Pyridoxine Dipalmitate Active pharmaceutical ingredient (API) is produced in GMP-certified manufacturing facility.
GMP stands for Good Manufacturing Practices, which is a system used in the pharmaceutical industry to make sure that goods are regularly produced and monitored in accordance with quality standards. The FDA’s current Good Manufacturing Practices requirements are referred to as cGMP or current GMP which indicates that the company follows the most recent GMP specifications. The World Health Organization (WHO) has its own set of GMP guidelines, called the WHO GMP. Different countries can also set their own guidelines for GMP like China (Chinese GMP) or the EU (EU GMP).

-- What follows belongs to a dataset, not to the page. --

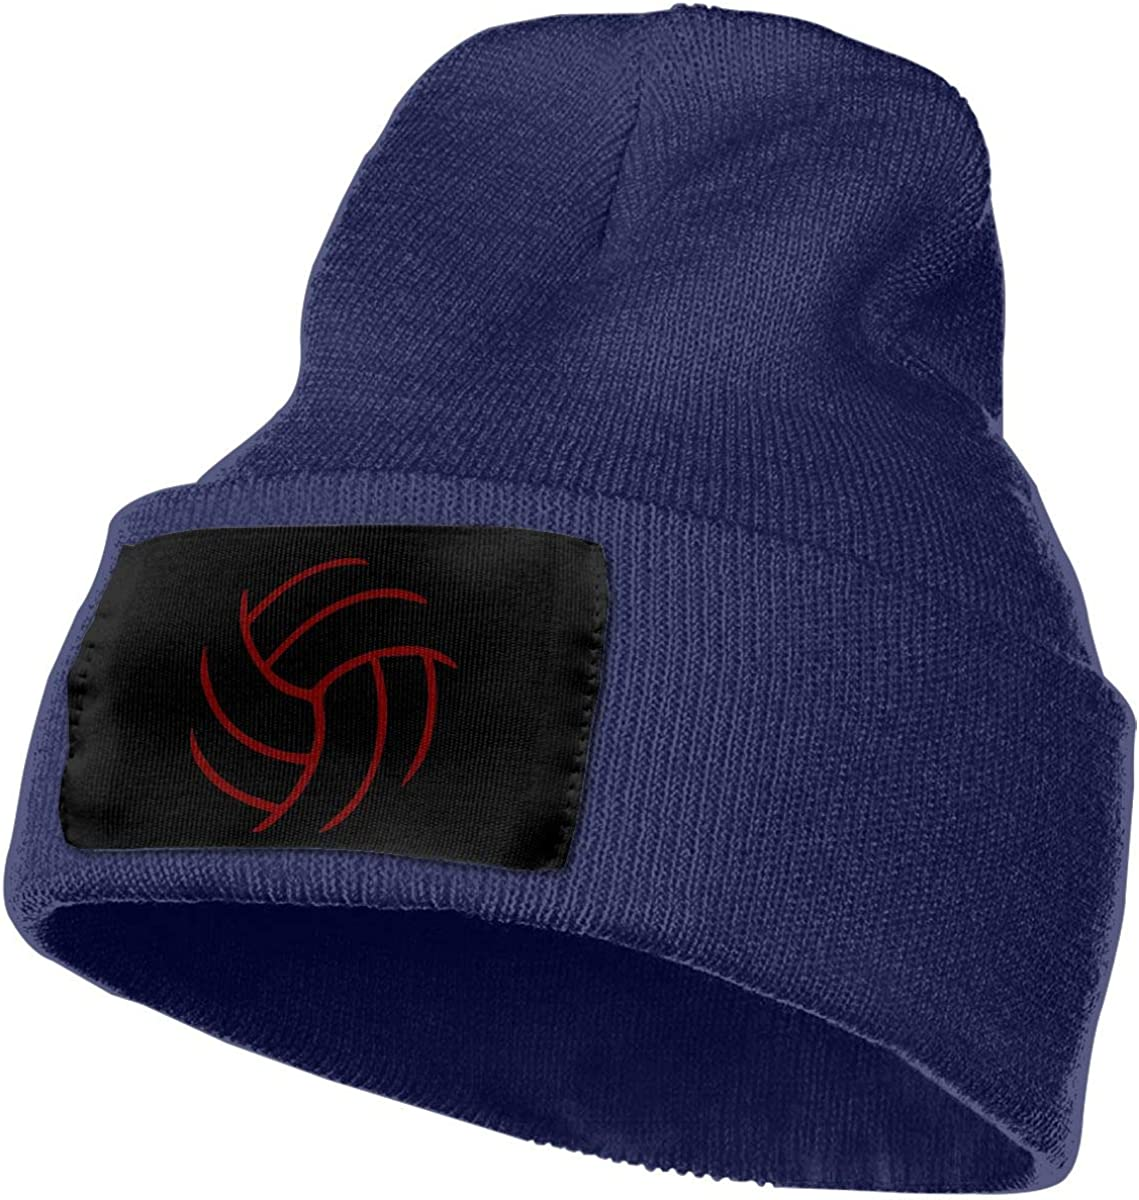 COLLJL-8 Men//Women Volleyball Outdoor Fashion Knit Beanies Hat Soft Winter Skull Caps

PharmaCompass offers a list of Pyridoxine Dipalmitate GMP manufacturers, exporters & distributors, which can be sorted by USDMF, JDMF, KDMF, CEP (COS), WC, API price, and more, enabling you to easily find the right Pyridoxine Dipalmitate GMP manufacturer or Pyridoxine Dipalmitate GMP API supplier for your needs.
A Pyridoxine Dipalmitate CoA (Certificate of Analysis) is a formal document that attests to Pyridoxine Dipalmitate's compliance with Pyridoxine Dipalmitate specifications and serves as a tool for batch-level quality control.
Pyridoxine Dipalmitate CoA mostly includes findings from lab analyses of a specific batch. For each Pyridoxine Dipalmitate CoA document that a company creates, the USFDA specifies specific requirements, such as supplier information, material identification, transportation data, evidence of conformity and signature data.
Pyridoxine Dipalmitate may be tested according to a variety of international standards, such as European Pharmacopoeia (Pyridoxine Dipalmitate EP), Pyridoxine Dipalmitate JP (Japanese Pharmacopeia) and the US Pharmacopoeia (Pyridoxine Dipalmitate USP).